132 Cong.Rec. H9794 (October 9, 1986).
. A duty may be plain even if the statute is ambiguous and "requires construction to determine the duties it creates. If the ... duty is clear after the court interprets the statute, the court has jurisdiction [under the Mandamus Act].” Piledrivers’ Local Union No. 2375 v. Smith, 695 F.2d 390, 392 (9th Cir.1982) (citation omitted). See also Knuckles v. Weinberger, 511 F.2d 1221, 1222 (9th Cir.1975) (“once the court interprets the law, the defendant’s duty will be clear”); Roberts v. United States, 176 U.S. 221, 231, 20 S.Ct. 376, 379, 44 L.Ed. 443 (1900). Thus, the fact that legislative history is consulted in construing Section 701 does not preclude mandamus.

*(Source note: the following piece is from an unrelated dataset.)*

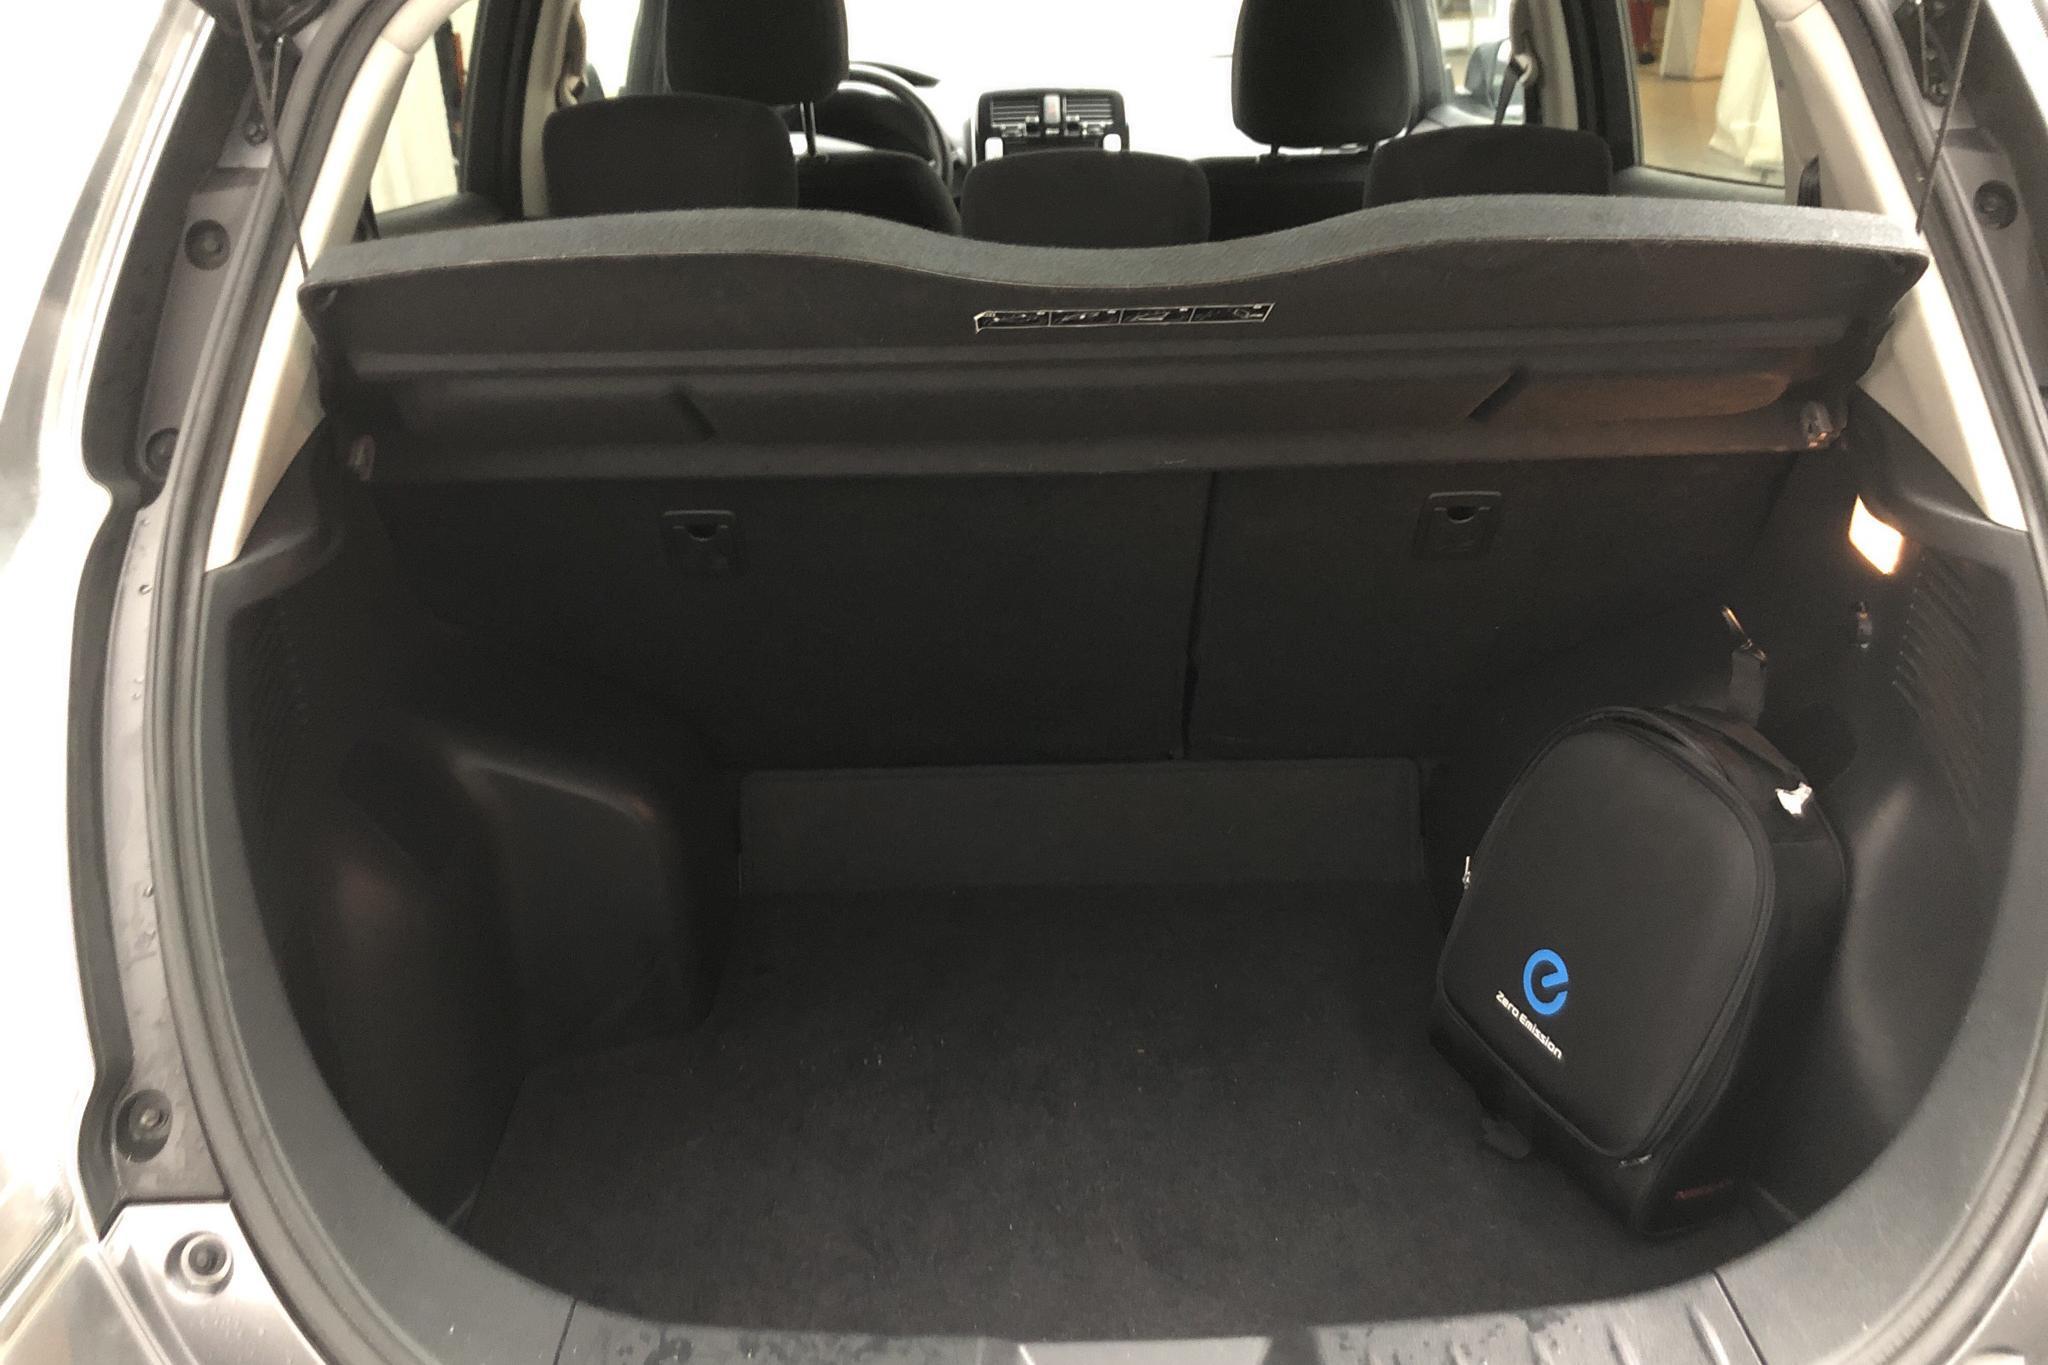 Nissan LEAF 5dr (109hk) - 6 619 mil - Automat - grå - 2017

. Soler's petition does not rely upon the APA explicitly, but we are to construe his pro se pleadings liberally. See Hughes v. Rowe, 449 U.S. 5, 9, 101 S.Ct. 173, 175, 66 L.Ed.2d 163 (1980); United States v. Eatinger, 902 F.2d 1383, 1385 (9th Cir.1990). Moreover, in Japan Whaling Ass'n. v. American Cetacean Soc., 478 U.S. 221, 228 & 231 n. 4, 106 S.Ct. 2860, 2865 & 2866 n. 4, 92 L.Ed.2d 166 (1986), a case involving no pro se parties, the Supreme Court treated a petition filed under the Mandamus Act to compel agency action as a claim for relief under the APA, reasoning that on the facts of the case the two forms of relief were "in essence" the same. We adopt the same approach.

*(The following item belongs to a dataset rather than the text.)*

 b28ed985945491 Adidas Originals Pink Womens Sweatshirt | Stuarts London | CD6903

. There is no indication in either the text or legislative history of Section 701 that Congress intended to preclude judicial review.

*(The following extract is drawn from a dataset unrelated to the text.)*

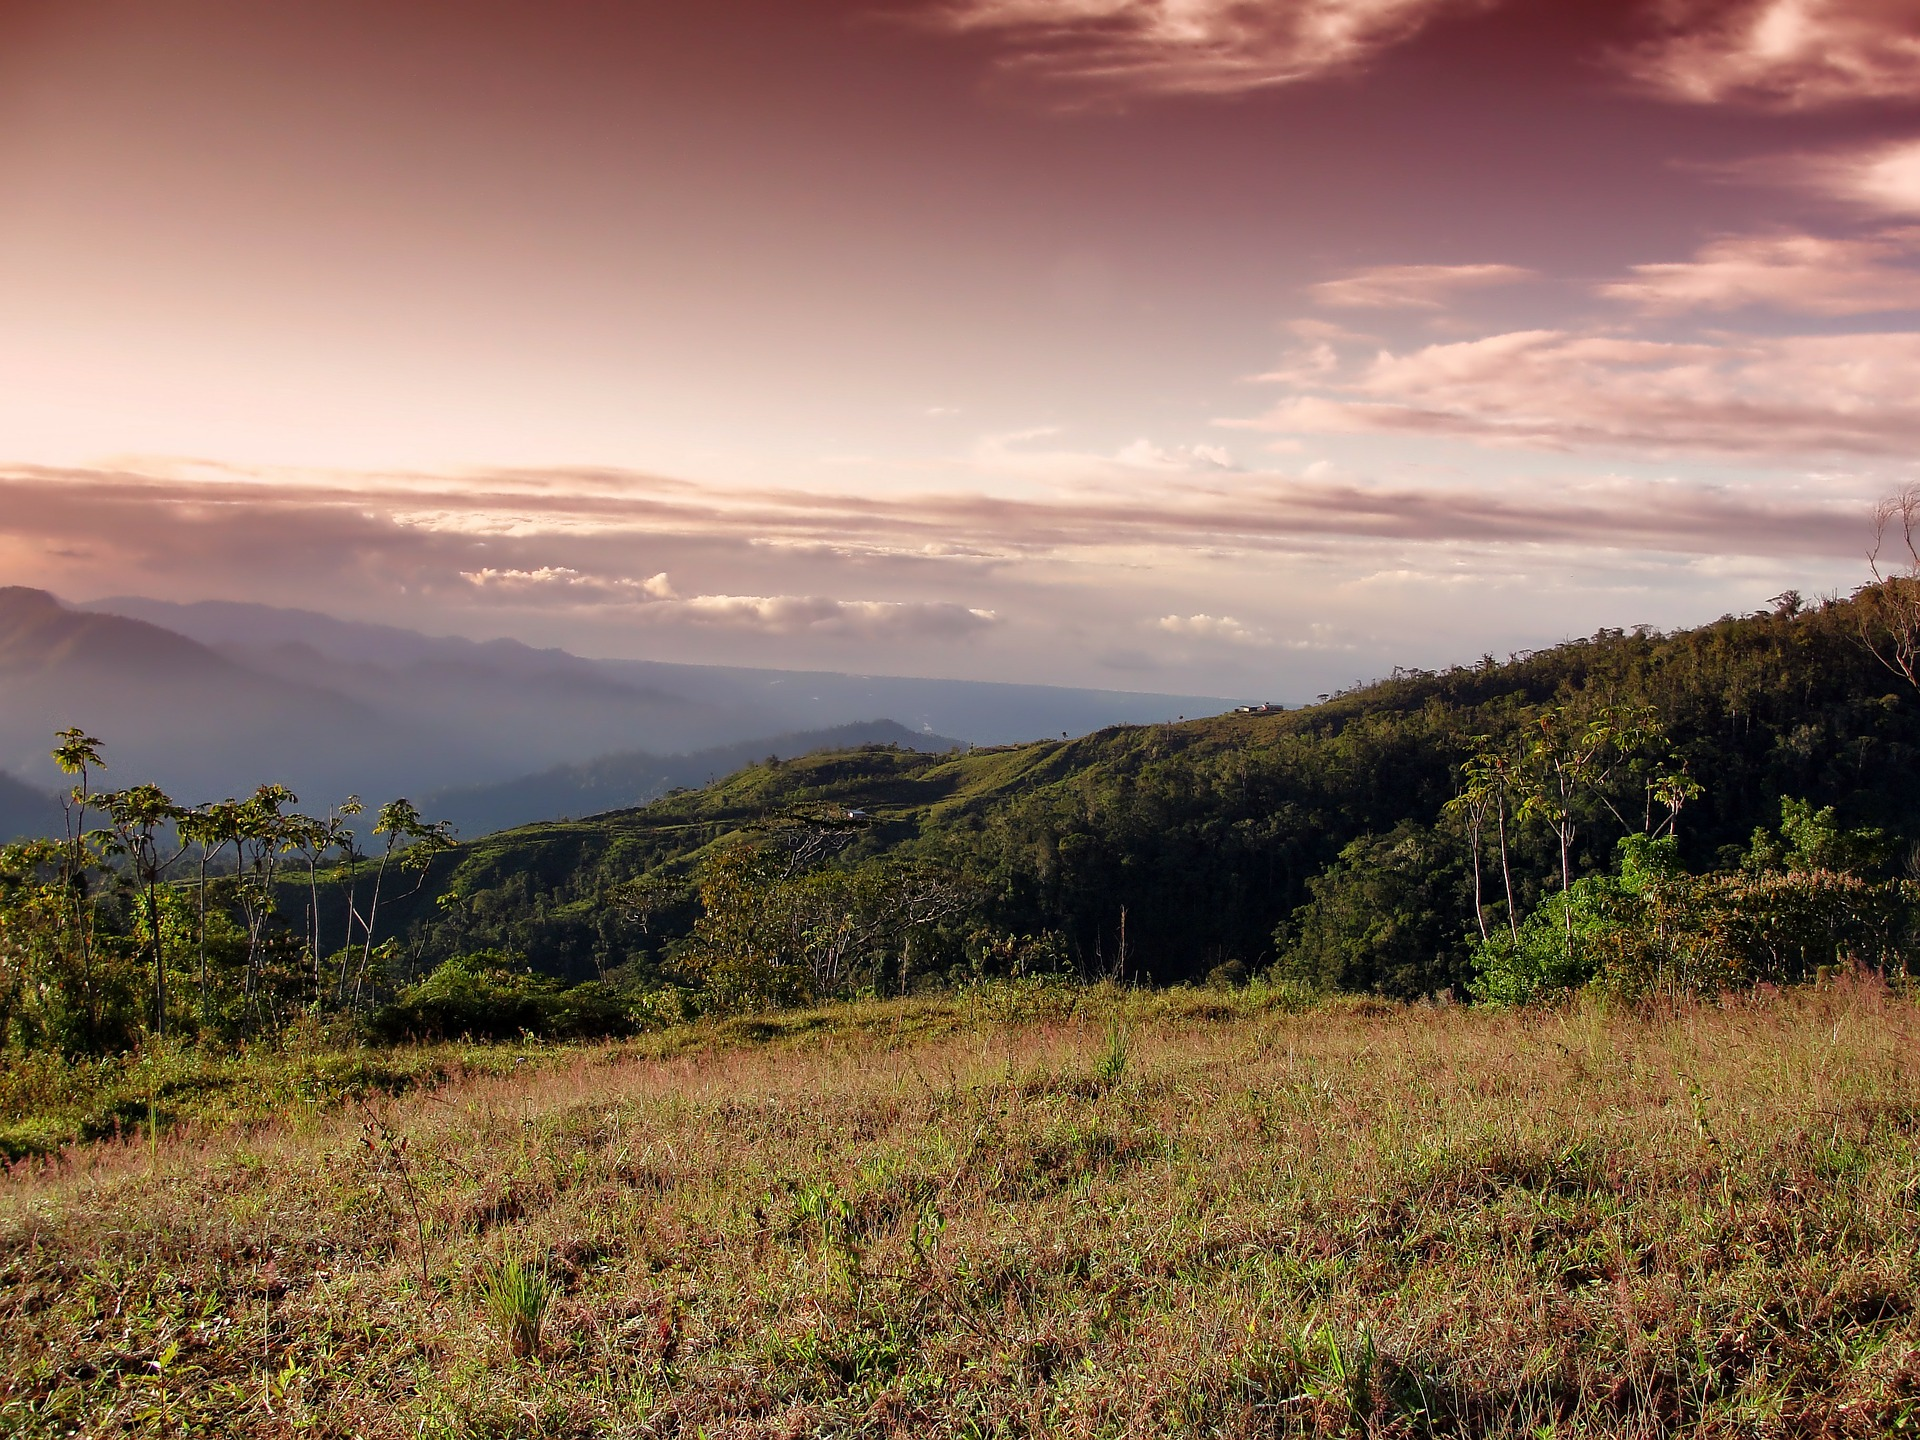 Nádherná příroda Kostariky

. Soler has also argued the INS has violated the Equal Protection Clause, the Due Process Clause, 8 U.S.C. § 1252(a), and that he is entitled to discretionary relief under 8 U.S.C. § 1182(c). Because these claims were not presented to the district court and, in any event, appear to be meritless, we do not address them
. On remand, the district court may wish to consider appointing counsel to assist Soler if, in its judgment, such an appointment would be helpful to the court.
Dissenting Opinion
dissenting:
I agree that Congress has said what it expects the INS to do, pretty clearly. But I disagree that Soler has made out a clear claim to relief on account of a duty owed to him, as the Mandamus Act requires. 28 U.S.C. § 1361; see Nova Stylings, Inc. v. Ladd, 695 F.2d 1179, 1180 (9th Cir.1983). Federal prisoners were not the intended beneficiaries of section 701 of the Immigration Reform and Control Act of 1986, 8 U.S.C. § 1252(i); the legislative history indicates that states, and overcrowded prisons, were. See 132 Cong.Rec. H9794-95 (daily ed. Oct. 9, 1986), S16909 (daily ed. Oct. 17, 1986); Gonzalez v. INS, 867 F.2d 1108, 1110 (8th Cir.1989). For this reason, I would affirm.
Unlike the majority, I also would not try to fashion a claim under the Administrative Procedure Act. Soler’s petition does not assert an APA claim, and we did not ask the government to brief the issue. While we are certainly obliged to construe pro se pleadings liberally, that obligation does not require us to go off on an untested theory. We could have appointed counsel for Soler and invited a response from the INS. Given that we have done neither, I respectfully dissent.